On the other hand, there is the other escape. The final, painful escape from which there is no returning but there is no suffering no heartbreak no discomfort, just nothing. Death, with all its itchy bedsheets which may feel like the softest cotton with the sting of a whip that layed you low still on your memory.

On that note, here is one such escape,

“From others than the master persecution also comes in such cases. I once saw a young slave girl dying soon after the birth of a child nearly white. In her agony she cried out, “O Lord, come and take me!” Her mistress stood by, and mocked at her like an incarnate fiend. “You suffer, do you?” she exclaimed. “I am glad of it. You deserve it all, and more too.”

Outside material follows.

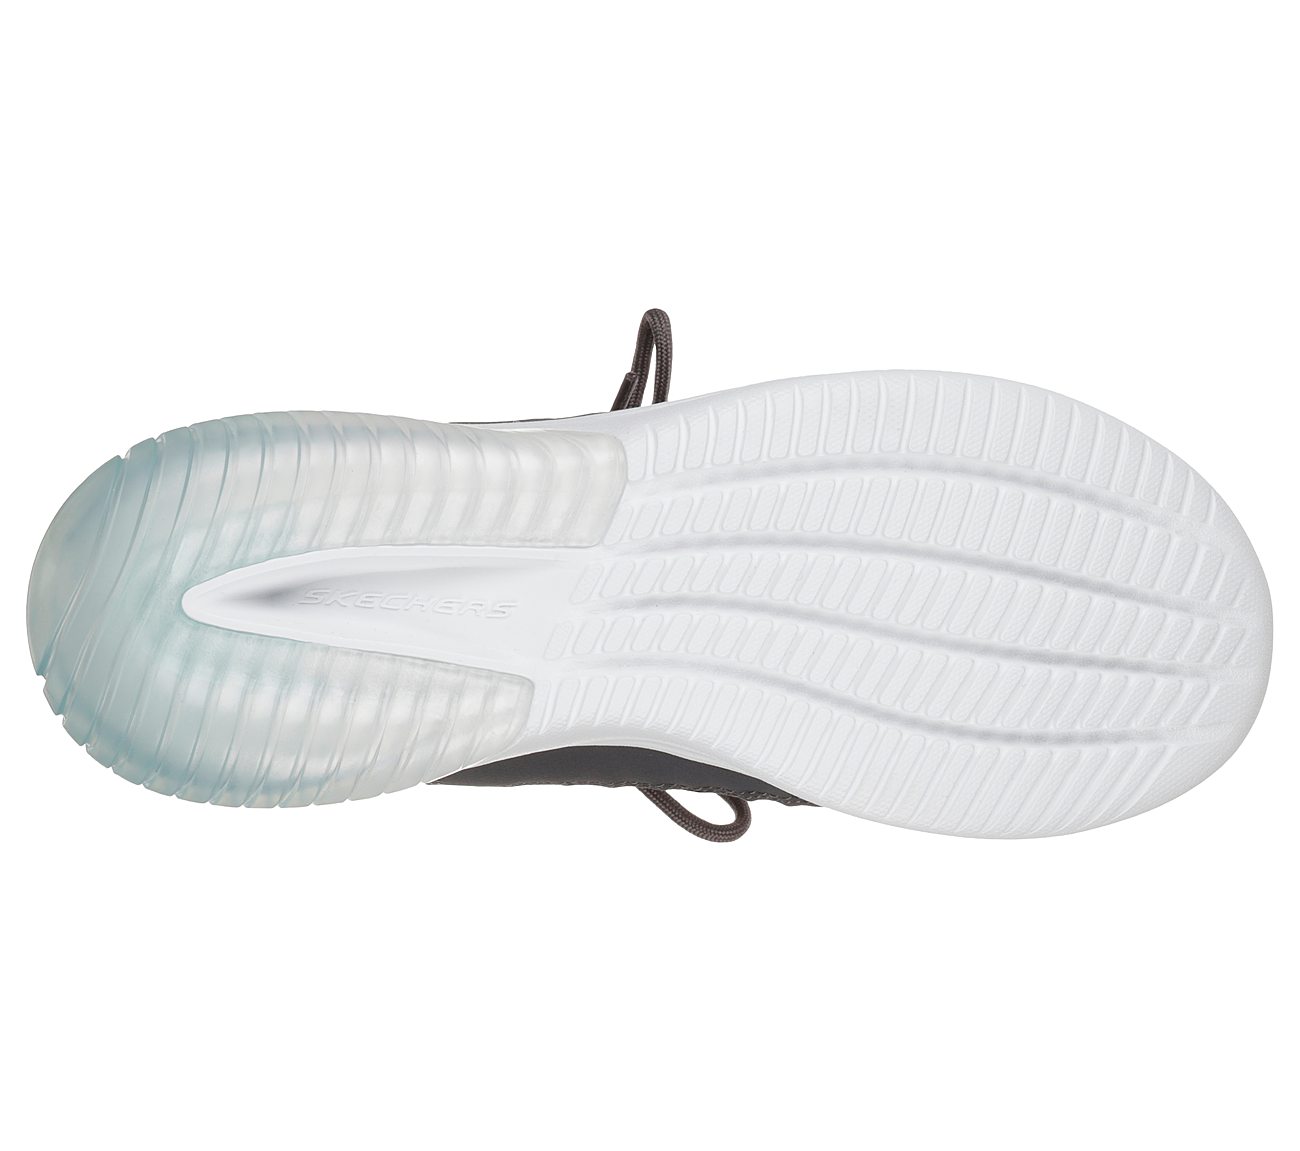 SKECH-AIR ULTRA FLEX-LITE BRE, CHARCOAL/AQUA Footwear Bottom View

The girl’s mother said, “The baby is dead, thank God; and I hope my poor child will soon be in heaven, too.”

“Heaven!” retorted the mistress. “There is no such place for the like of her and her bastard.”

The poor mother turned away, sobbing. Her dying daughter called her, feebly, and as she bent over her, I heard her say, “Don’t grieve so, mother; God knows all about it; and HE will have mercy upon me.”

Her sufferings, afterwards, became so intense, that her mistress felt unable to stay; but when she left the room, the scornful smile was still on her lips. Seven children called her mother. The poor black woman had but the one child, whose eyes she saw closing in death, while she thanked God for taking her away from the greater bitterness of life.” (Jacobs Chapter II The New Master and Mistress)

This is nothing if not a painful but peaceful, maybe, description of death taking a young girl away from a life of pain, along with the child she didn’t leave without a mother, for it went with her unto heavenly embrace. And so many others left like this. Many other uncountable souls left, no longer needing to bear their beating hearts any longer, no longer needing to get up and suffer another day.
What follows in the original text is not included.